** Opening INFORMATION PROVIDED block **

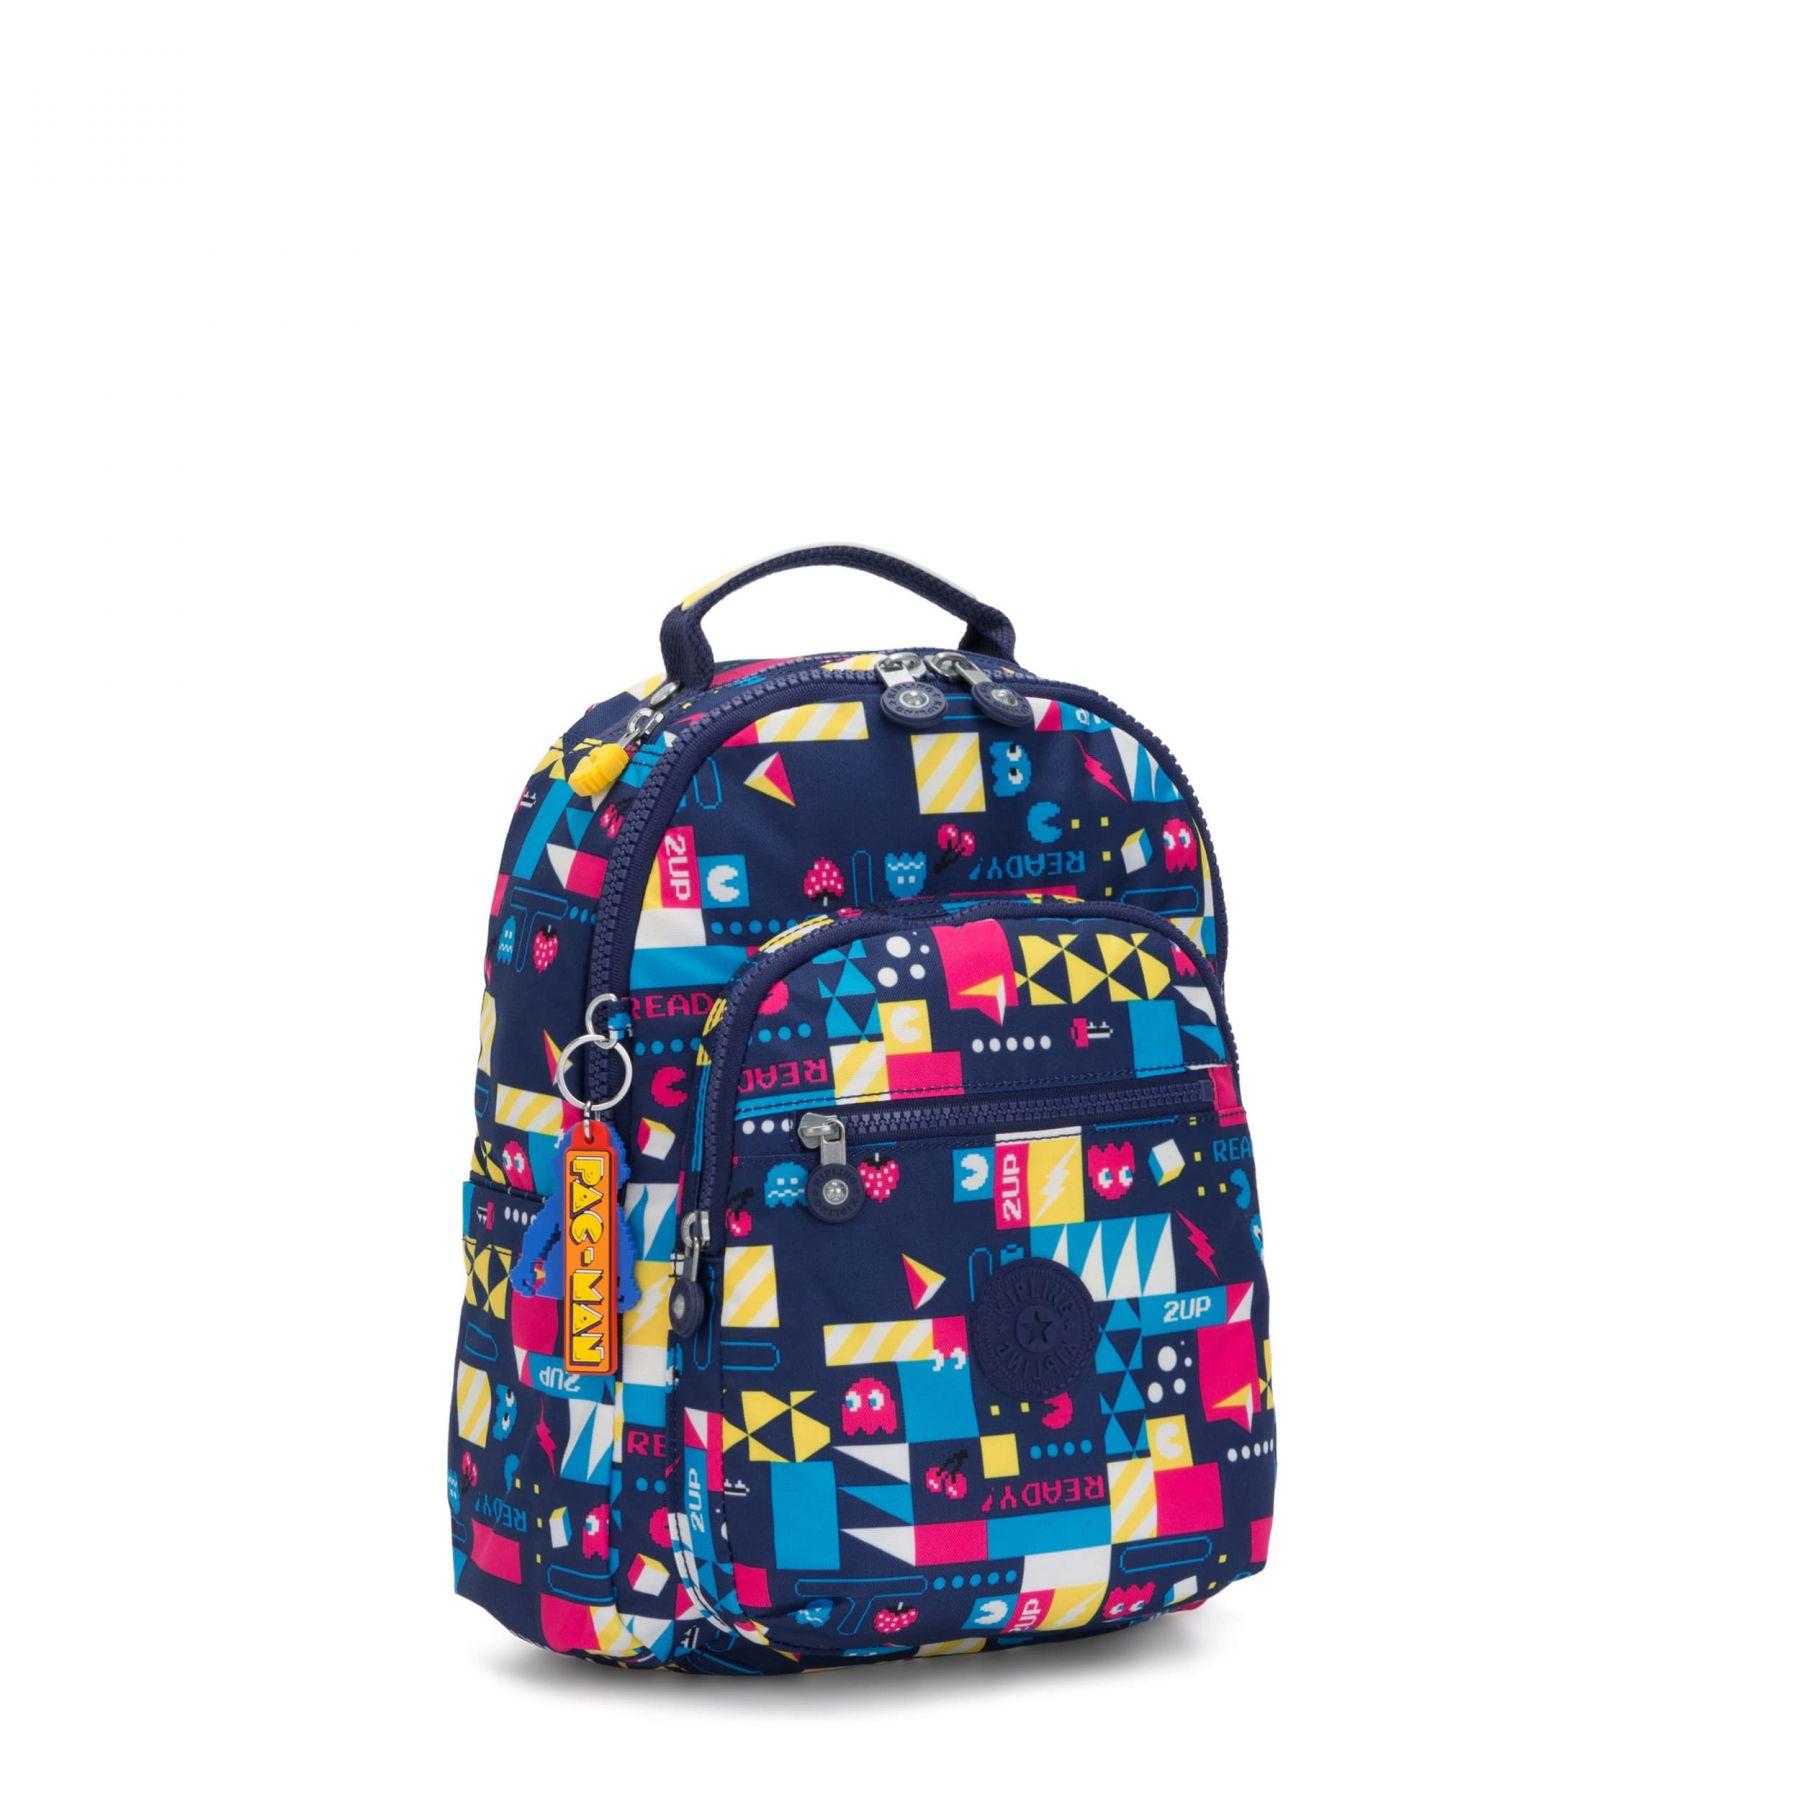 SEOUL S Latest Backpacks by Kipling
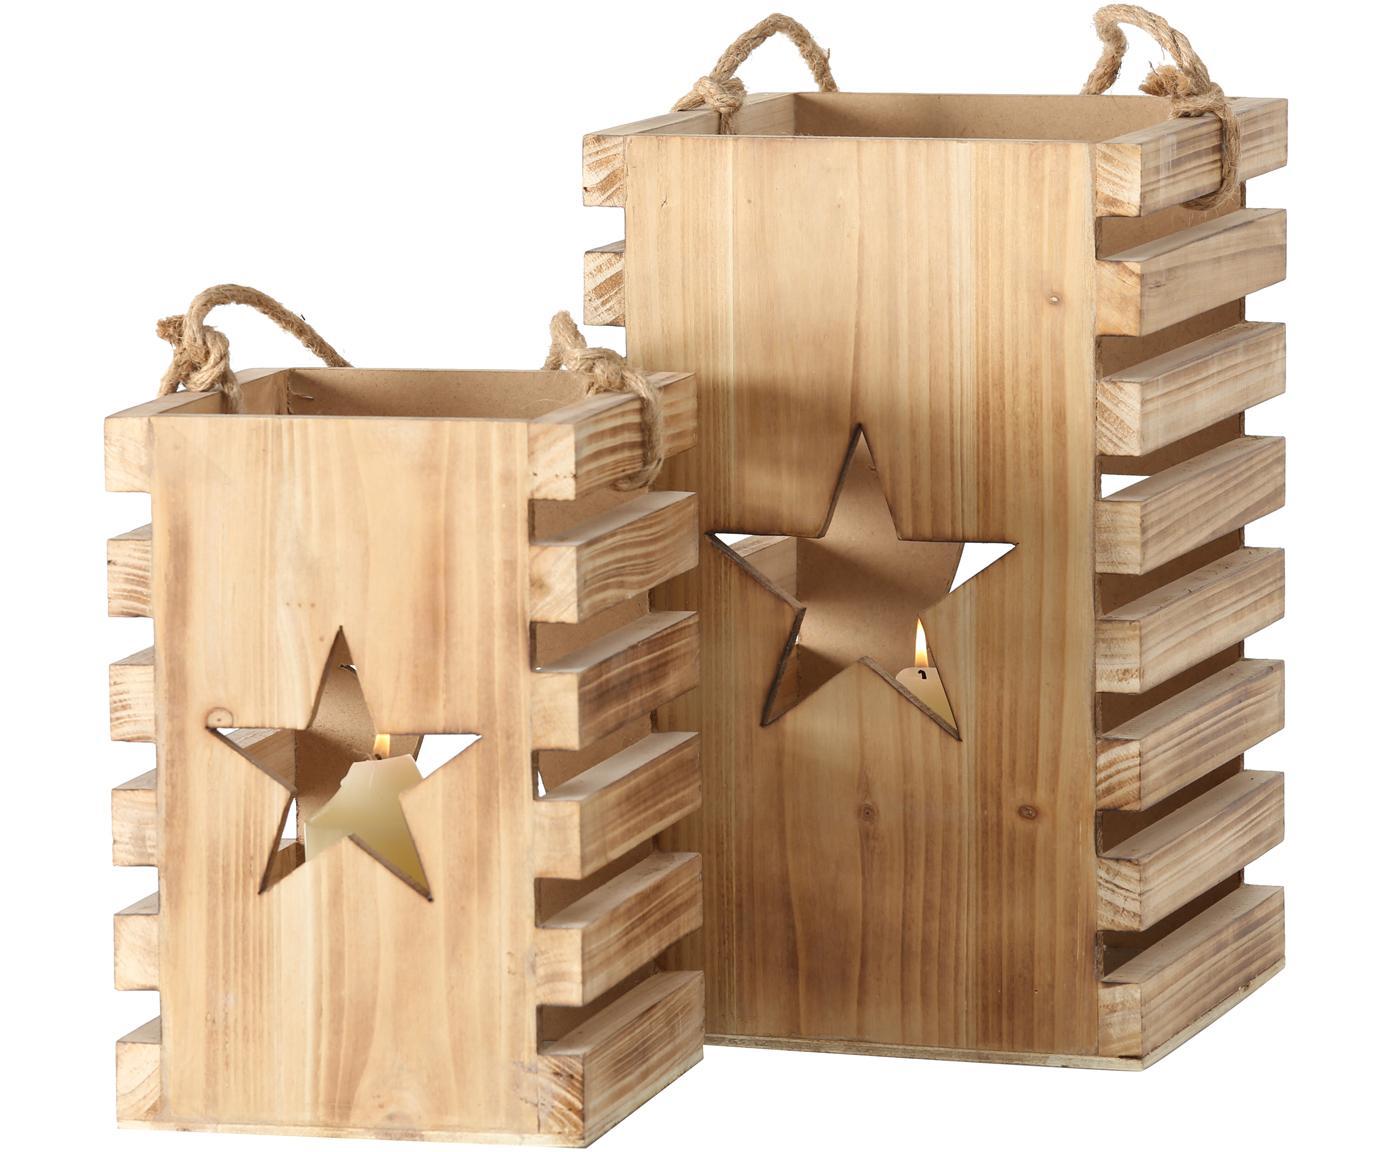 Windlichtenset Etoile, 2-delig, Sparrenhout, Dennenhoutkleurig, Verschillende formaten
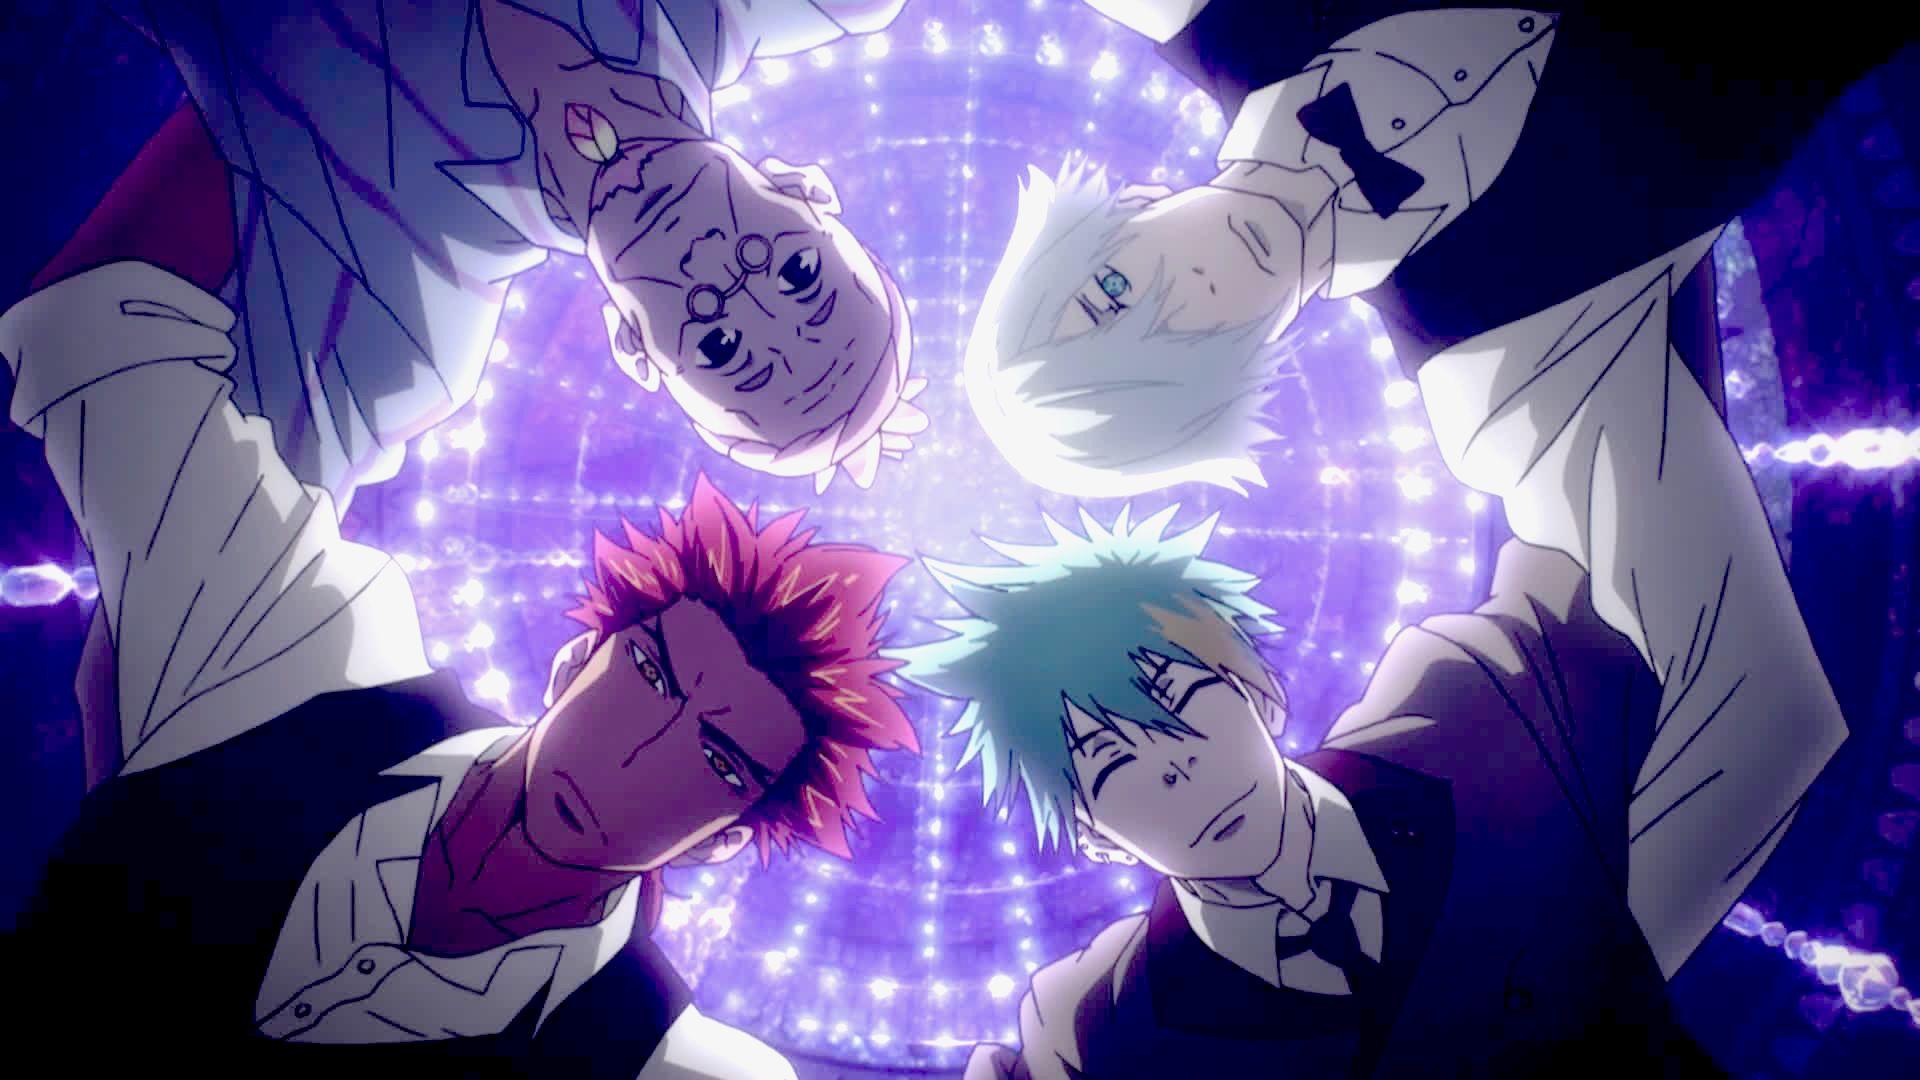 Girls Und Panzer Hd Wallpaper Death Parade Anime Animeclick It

** Closing INFORMATION PROVIDED block **

For this exercise, retype the data above exactly and skip every image.

TASK ANSWER -
 SEOUL S Latest Backpacks by Kipling
 Windlichtenset Etoile, 2-delig, Sparrenhout, Dennenhoutkleurig, Verschillende formaten
 Girls Und Panzer Hd Wallpaper Death Parade Anime Animeclick It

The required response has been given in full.